Qutaibah berhasil mendirikan masjid besar di Bukhara yang dinamakan Jami Qutaibah. Ia mengirim para hebat fiqih ke rumah-rumah rakyat untuk mengajarkan pemikiran Islam, dan membolehkan menerjemahkan al-Qurān ke dalam bahasa yang dikenal di daerah tersebut.

Keberadaan pemerintahannya yang berpaham komunis yang anti Islam, cukup menjadi kendala bagi perkembangan Islam di Rusia. Chechnya ialah salah satu korban keganasan tentara Rusia. Chechnya merupakan negara kecil di tempat Kaukasus Rusia yang berpenduduk 1,5 juta dan lebih banyak didominasi beragama Islam.

Pasca runtuhnya rezim Bolshevik yang anti-agama pada 1991, umat Islam Rusia berdiri lagi. Kebangkitan umat Islam di Rusia terlihat dari tingginya demam isu menunaikan haji dan umrah, minat mempelajari al-Qurān, serta peningkatan jumlah jemaah dan masjid.

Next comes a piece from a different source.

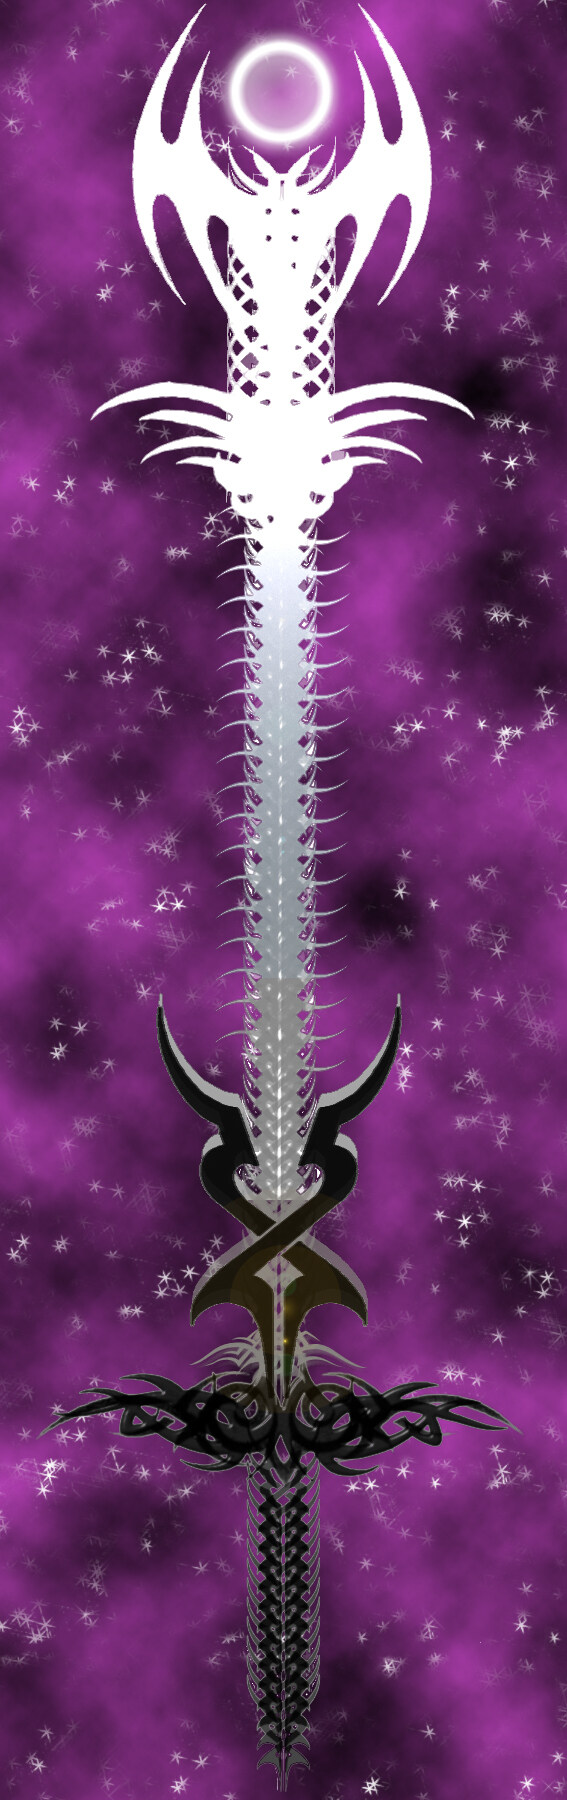 暗夜之剑

Diperkirakan sebanyak 7.000 masjid berdiri di seluruh Rusia, sementara ketika komunis tumbang hanya ada 100 masjid. Moskwa, dengan sekitar 2,5 juta muslim, menjadikannya sebagai kota dengan penduduk muslim terbesar di Eropa. Saat ini diperkirakan 18 persen dari total penduduk atau 25 juta warga Rusia memeluk agama Islam.

C. Inggris
Inggris termasuk salah satu negara yang cukup cantik perkembangan Islamnya. Hal ini didukung dengan pemindahan Universitas Islam Toledo di Spanyol ke Inggris. Sejak itu Inggris mempunyai Universitas Cambridge dan Oxford. Beberapa organisasi Islam yang ada di Inggris adalah:
  1. The Islamic Council of Europe (Majlis Islam Eropa) berfungsi sebagai pengawas kebudayaan Eropa.
  2. The Union of Moslem Organization (Persatuan Organisasi Islam Inggris).
  3. The Asociation of British Moslems (Perhimpunan Muslim Inggris).
  4. Islamic Fondation dan Moslem Institute. Keduanya bergerak di bidang penelitian, beranggotakan orang-orang Inggris dan imigran.
Islam mempunyai sejarah tersendiri di benua yang sering disebut dengan benua biru ini Perkembangan Islam di Benua Eropa
Di pusat kota London dibangun Central Mosque (Masjid Agung) yang selesai pembangunannya pada tahun 1977 terletak di Regents Park, dan bisa menampung 4000 jamaah. Pemeluk agama Islam di sini selain bangsa Inggris sendiri juga imigran Arab, Turki, Mesir, Cyprus, Yaman, Malaysia dan lain-lain yang jumlahnya ± 1 ½ juta orang (menurut catatan The Union of Moslem Organization), dan di sini agama Islam merupakan agama nomor dua sesudah Kristen.

Al-Quran pertama kali diperkenalkan di Inggris oleh Robert Katton yang ditejemahkan ke dalam bahasa latin. Kemudian kamus Arab-Inggris pertama disusun sarjana Inggris E.W.Lanes. Di negeri ini juga pada tahun 1985 muncul seorang walikota muslim yang berjulukan Muhammad Ajeeb di Stradford Inggris. Dan semenjak itu, masyarakat muslim dan mahasiswa Universitas Oxford mendirikan “Pusat Kajian Islam”

C. Belanda
Dalam aneka macam catatan, Islam pertama kali masuk ke Belanda terjadi sekitar pertengahan periode ke-20. Ketika itu, terjadi gelombang migrasi yang melibatkan kaum muslim ke negeri Belanda. Beberapa diantaranya tiba dari Indonesia sebagai negara jajahan Belanda dikala itu.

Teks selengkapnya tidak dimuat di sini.